## YOUR OBJECTIVE
Copy exactly the lines of the material below that fall between the line with "NHR Dream Kitchen" and the line with "and Silver T-shirt", both of those lines included; pictures stay out.

## PROVIDED MATERIAL
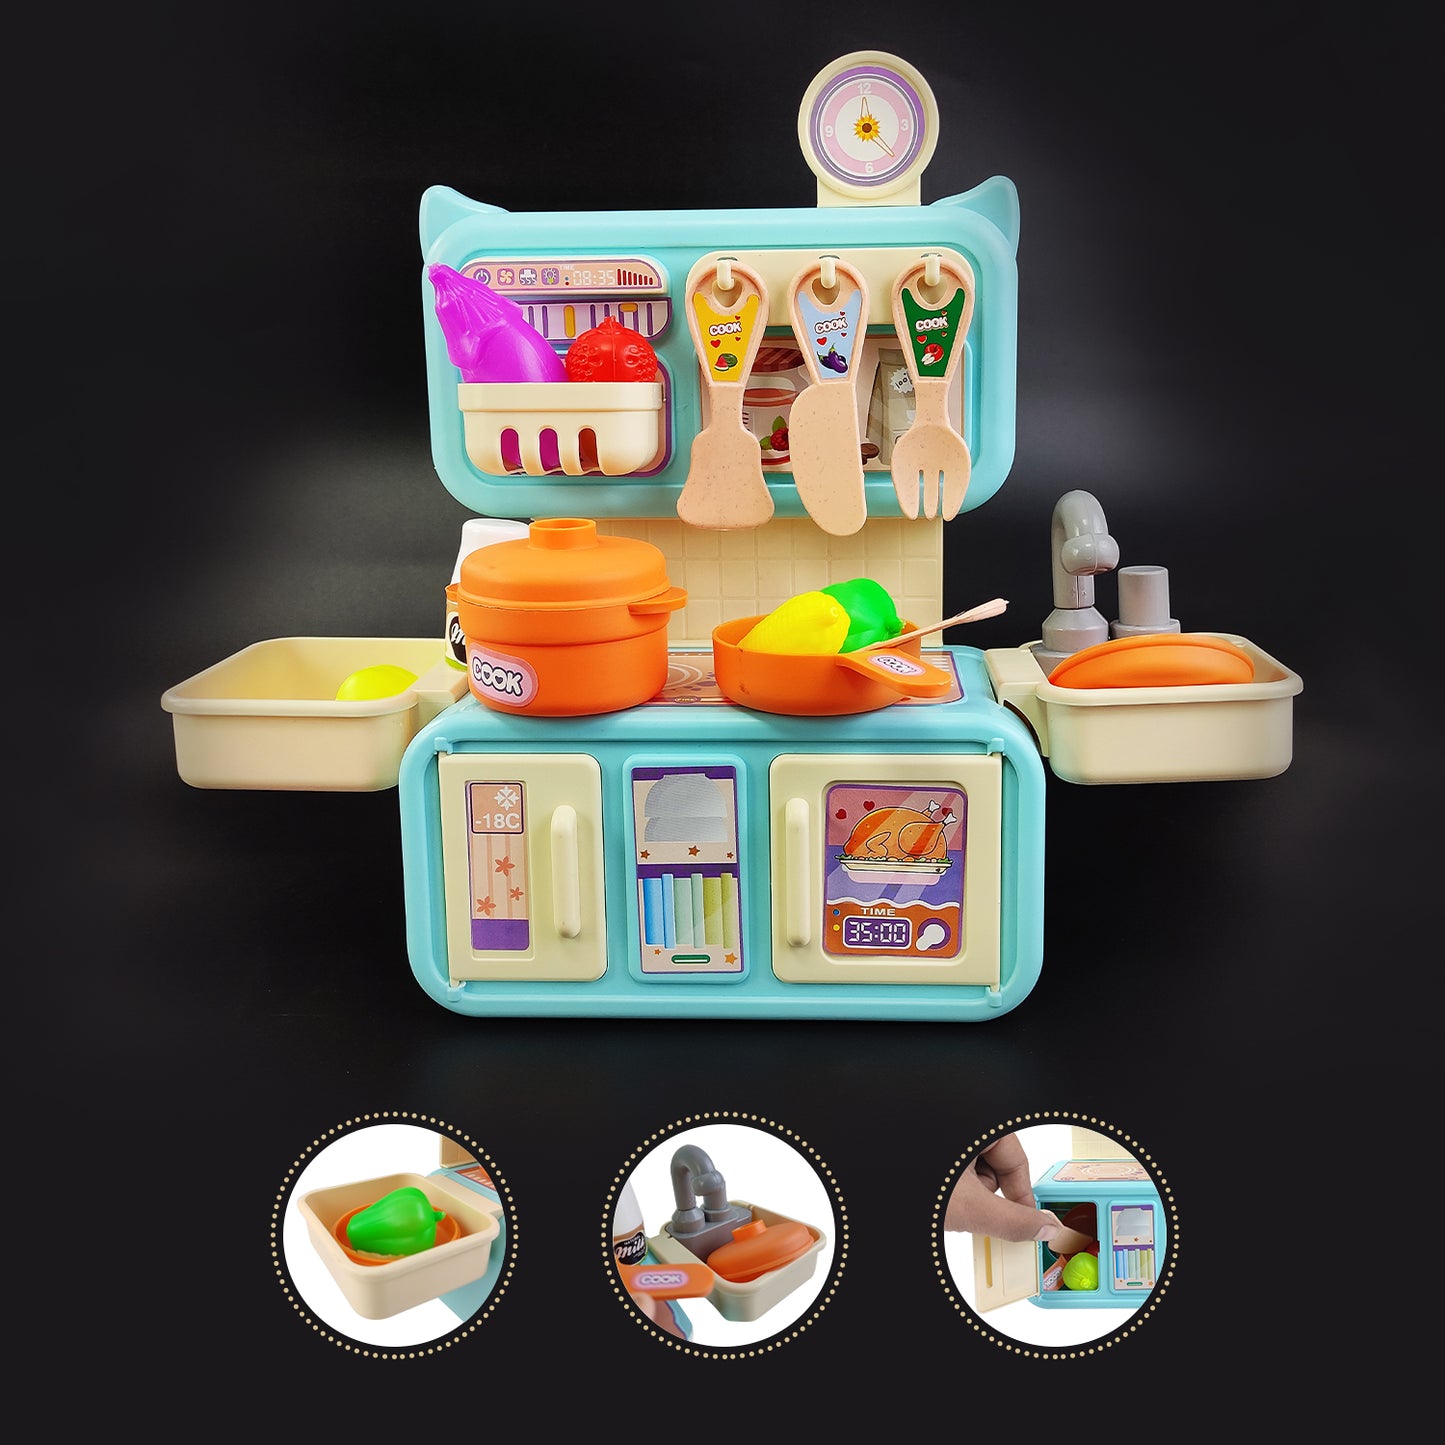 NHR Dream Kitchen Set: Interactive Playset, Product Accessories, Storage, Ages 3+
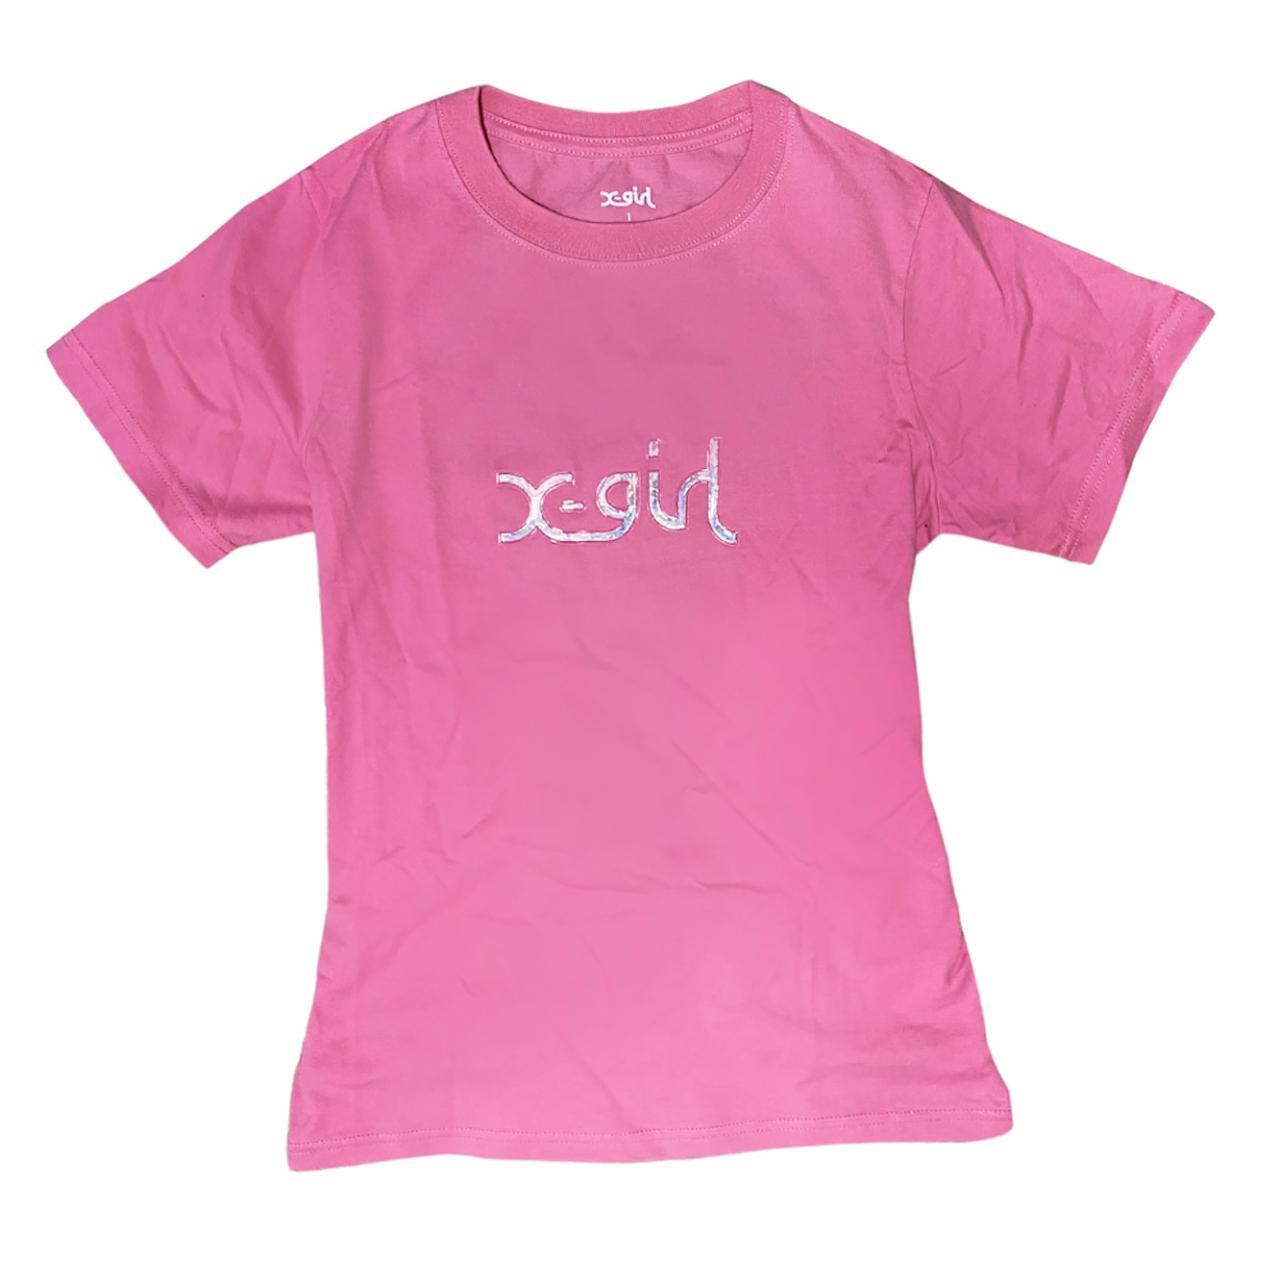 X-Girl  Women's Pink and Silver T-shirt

--

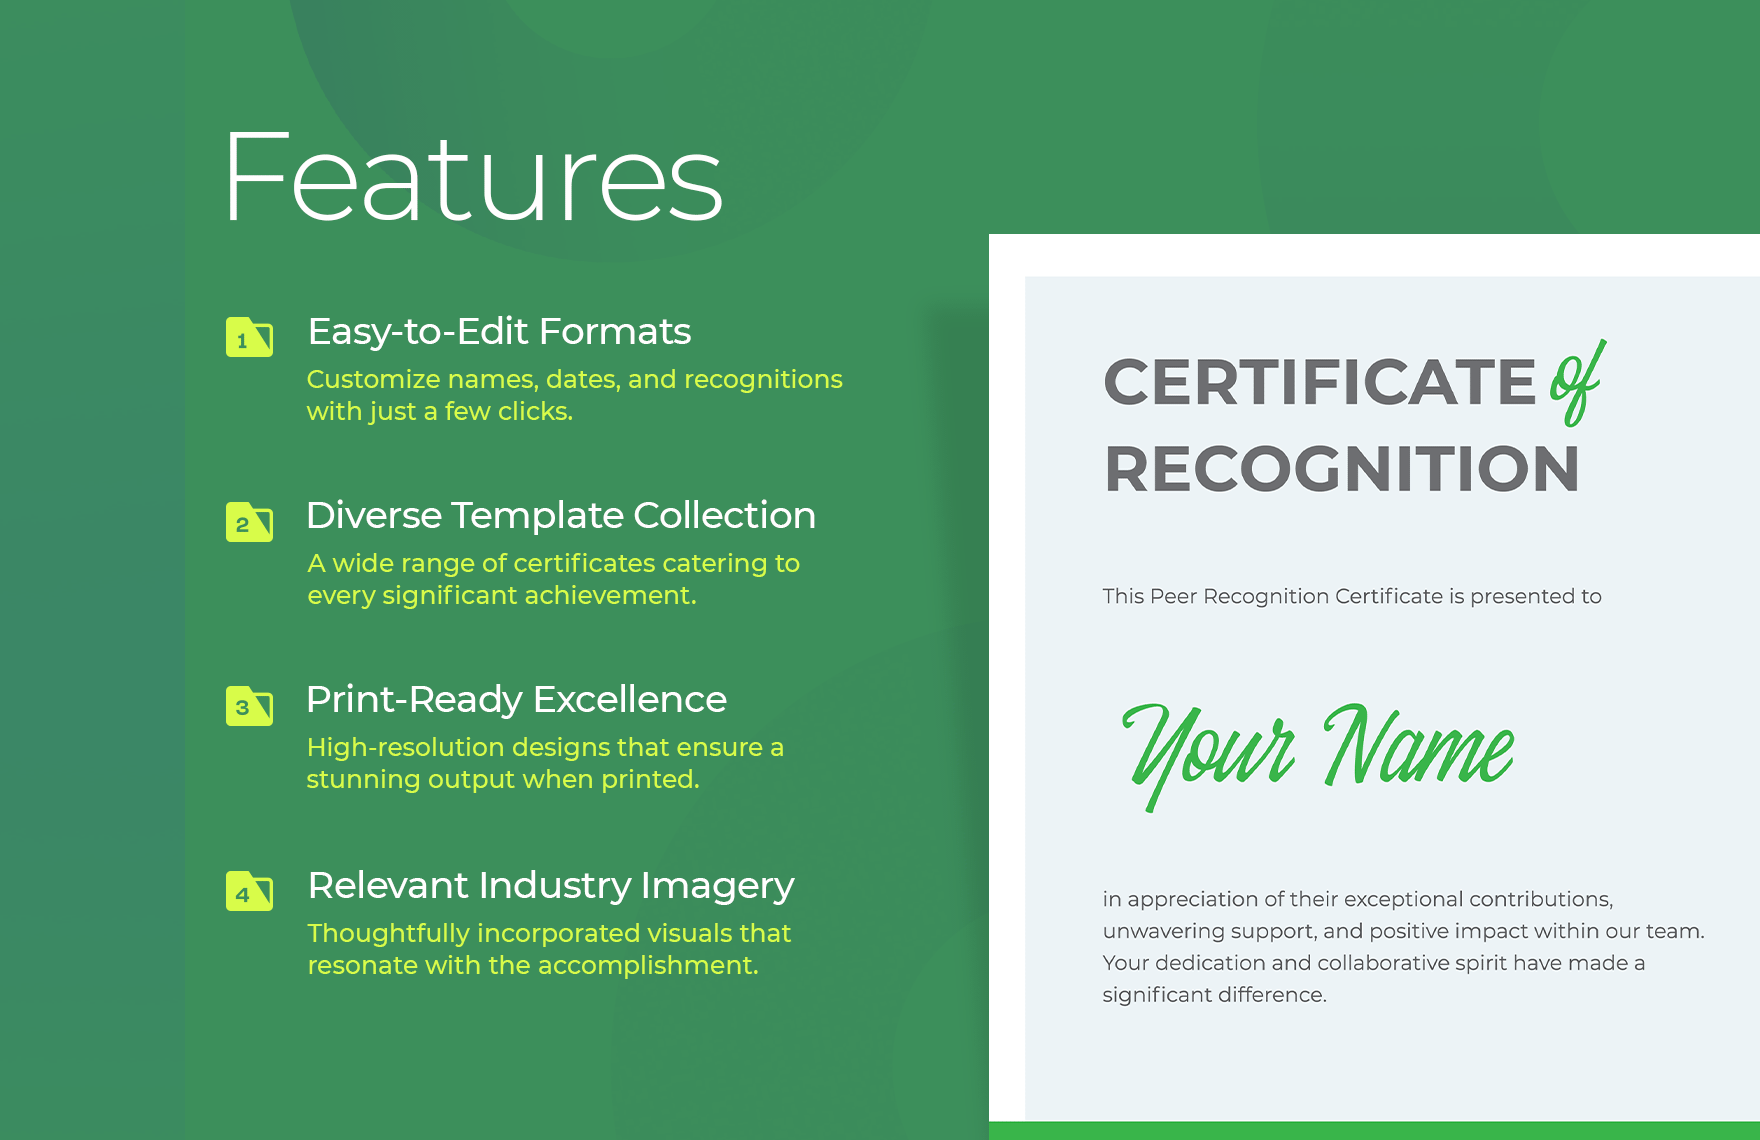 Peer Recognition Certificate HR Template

==

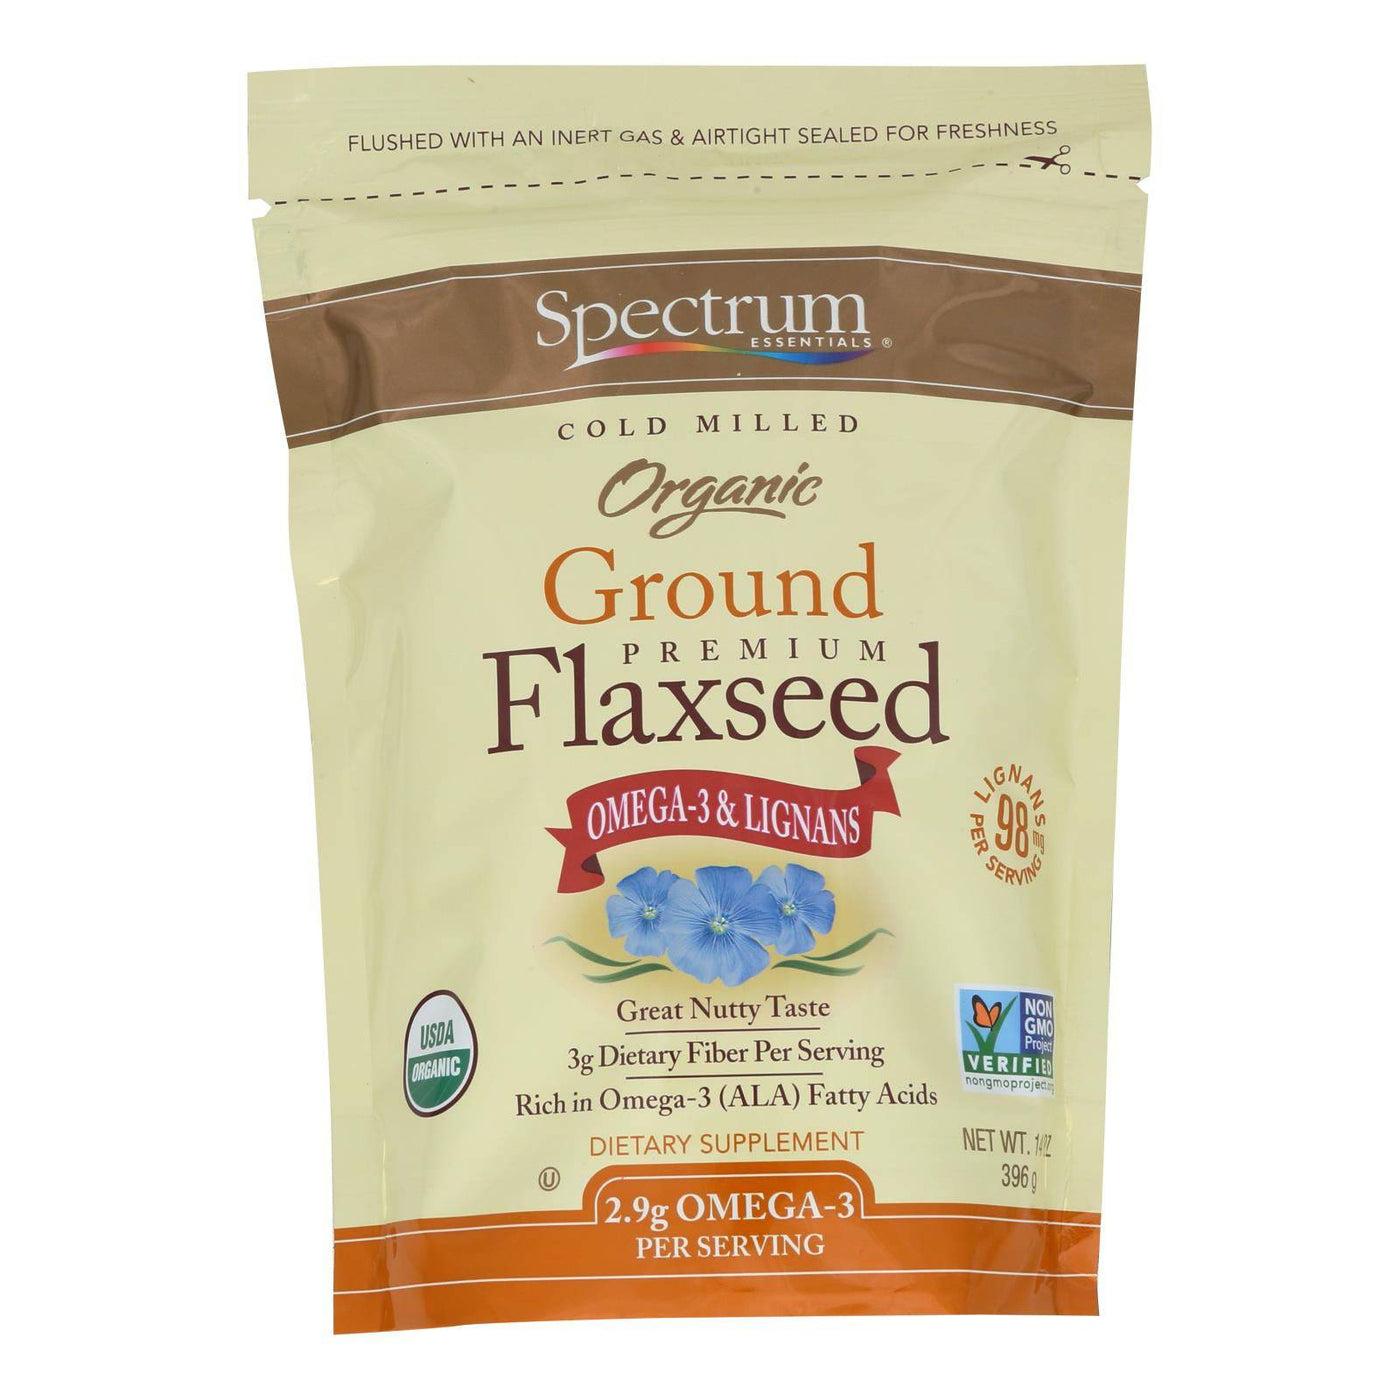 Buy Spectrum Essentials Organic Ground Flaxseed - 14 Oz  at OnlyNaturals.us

## WORKED SOLUTION
 NHR Dream Kitchen Set: Interactive Playset, Product Accessories, Storage, Ages 3+
 X-Girl  Women's Pink and Silver T-shirt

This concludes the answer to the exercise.